There will be downside consequences for both East and West. There will be immediate major losses of French and German sovereignty. They will be sucked back into US alliance hegemony. There will be immediate setbacks to Russia -France and Russia -Germany possibilities for detente. These two major states now will be, albeit reluctantly, more firmly locked into US-led NATO military operations. It is hard to see the Nordstream pipeline opening now, which will be a great economic and humanitarian loss to Europe. There will be greater sanctions intensity, hurting both sides economically, and a huge setback to detente generally. The new Cold War will be more firmly lodged in place.
Will Russia advance further into Ukraine? I would predict almost certainly not, though we will hear Western propaganda for weeks that Russia will do so. The present line of contact will become the frontier, as it has de facto been the frontier since 2015 after Poroshenko’s failed attempt to overwhelm Donbass.
How will China and the nonaligned world react? These are the most important questions now. Will they see through this latest Anglo-American false narrative of unprovoked Russian aggression , or will they be fooled yet again by the information warriors ? I would like to think the former, but I fear the sedulous power of the Western false narrative. I believe that China, and more quietly India , will stand by Russia.
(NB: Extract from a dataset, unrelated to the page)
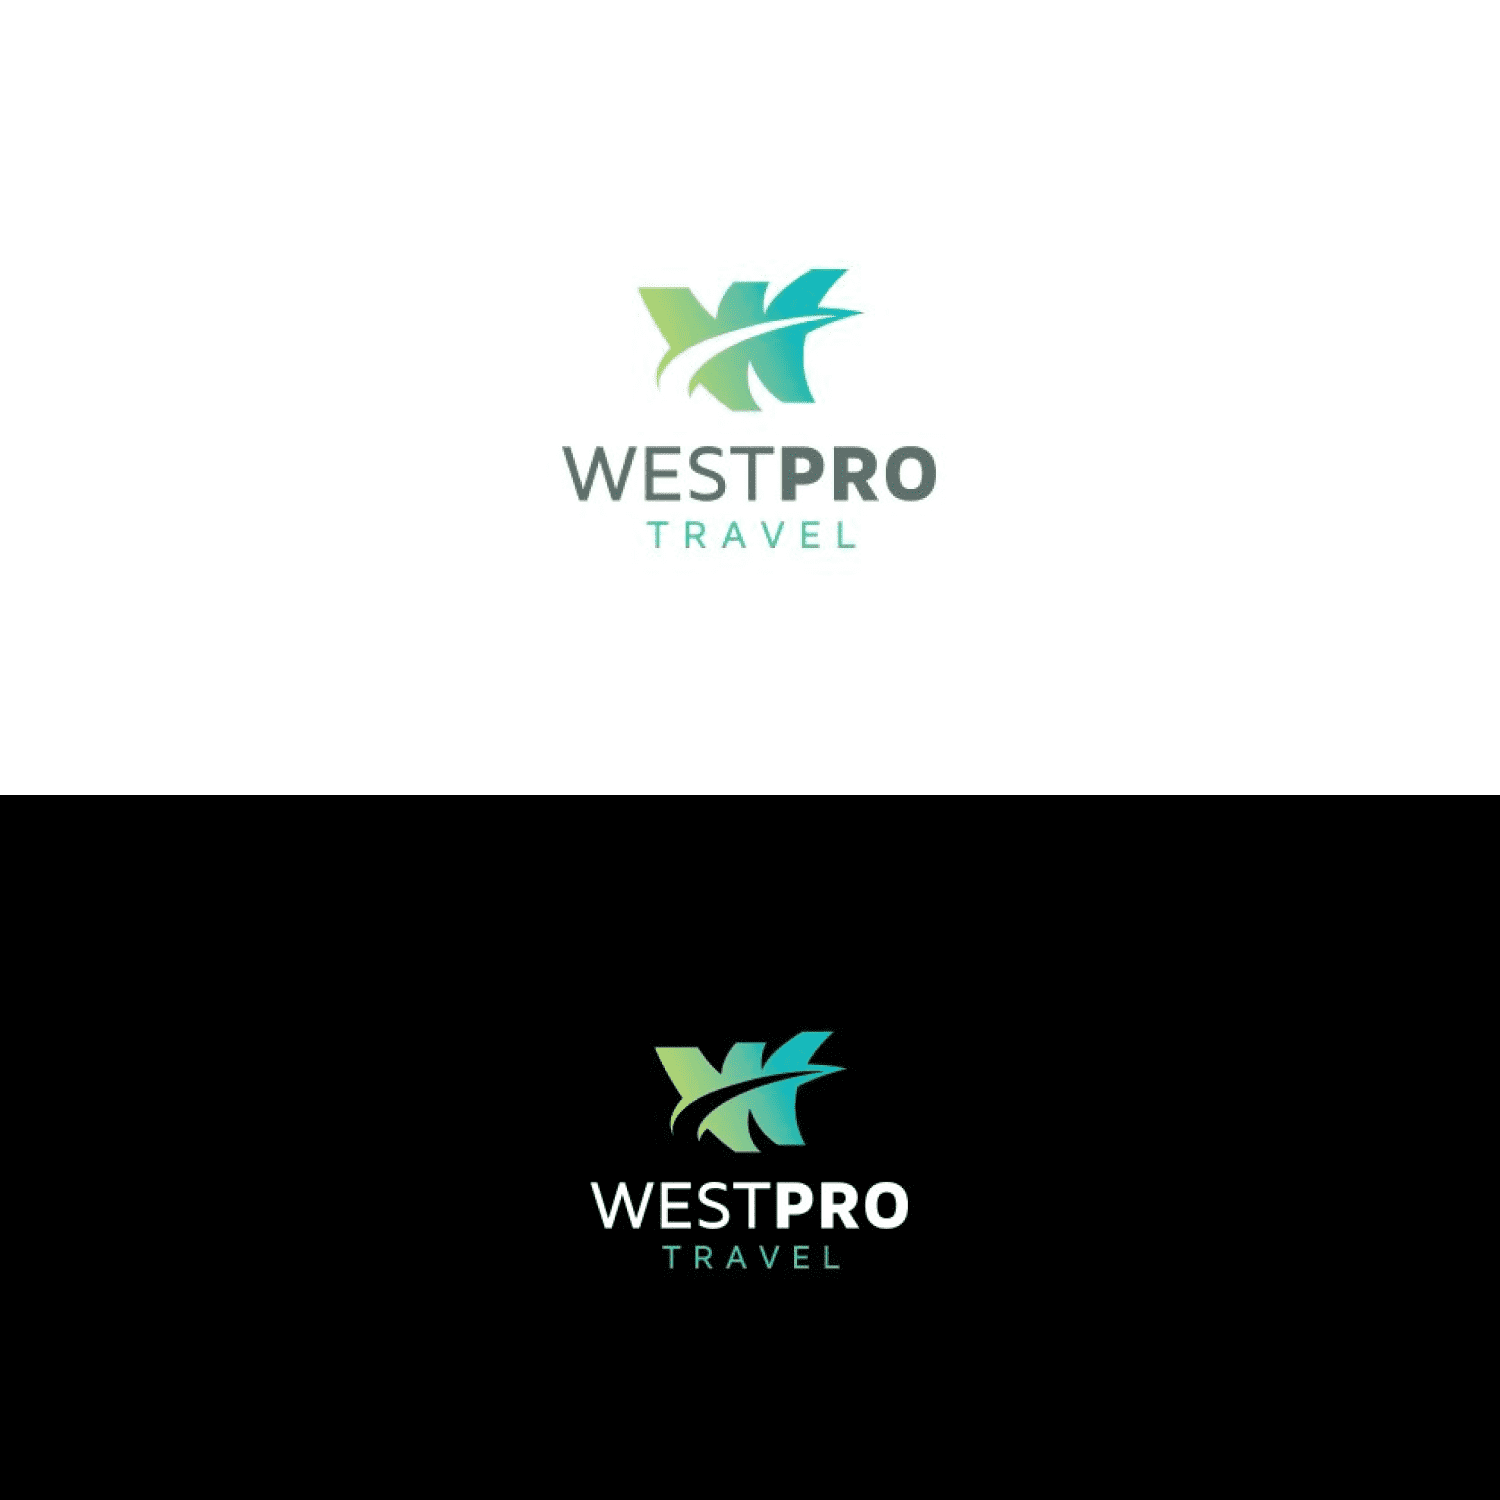 Westpro - Letter W Logo cover.

Others– we shall see.
It did not have to be this lose-lose outcome. A Canadian solution was possible, if there had been a modicum of goodwill from Kiev: a federal Ukrainian state with real sovereignty rights for Russian Ukrainians, including importantly a real say in Ukraine foreign policy choices.
Putin was desperate for this outcome and he waited as long as he could. But Washington and Kiev wanted confrontation and permanent East-West hostility, whipped up by Victoria Nuland and her ilk. They now have this. Ukraine will remain poor, depopulated, illiberal and militarised. It is a tragedy, but the threatened genocide and ethnic cleansing of Donbass Russians would have been intolerable for the majority of Russians. As it was personally, for an obviously angry and distressed Putin. This outcome will bring him and his key advisers no great joy, but it was the right decision to take.
Tony Kevin is a former Australian ambassador to Poland and Cambodia, and an emeritus fellow at Australian National University. The author of Return to Moscow (2017), he is independently visiting Russia in February 2022. He will deliver a lecture on the outlook for Russia-Australia relations to the Moscow Diplomatic Academy.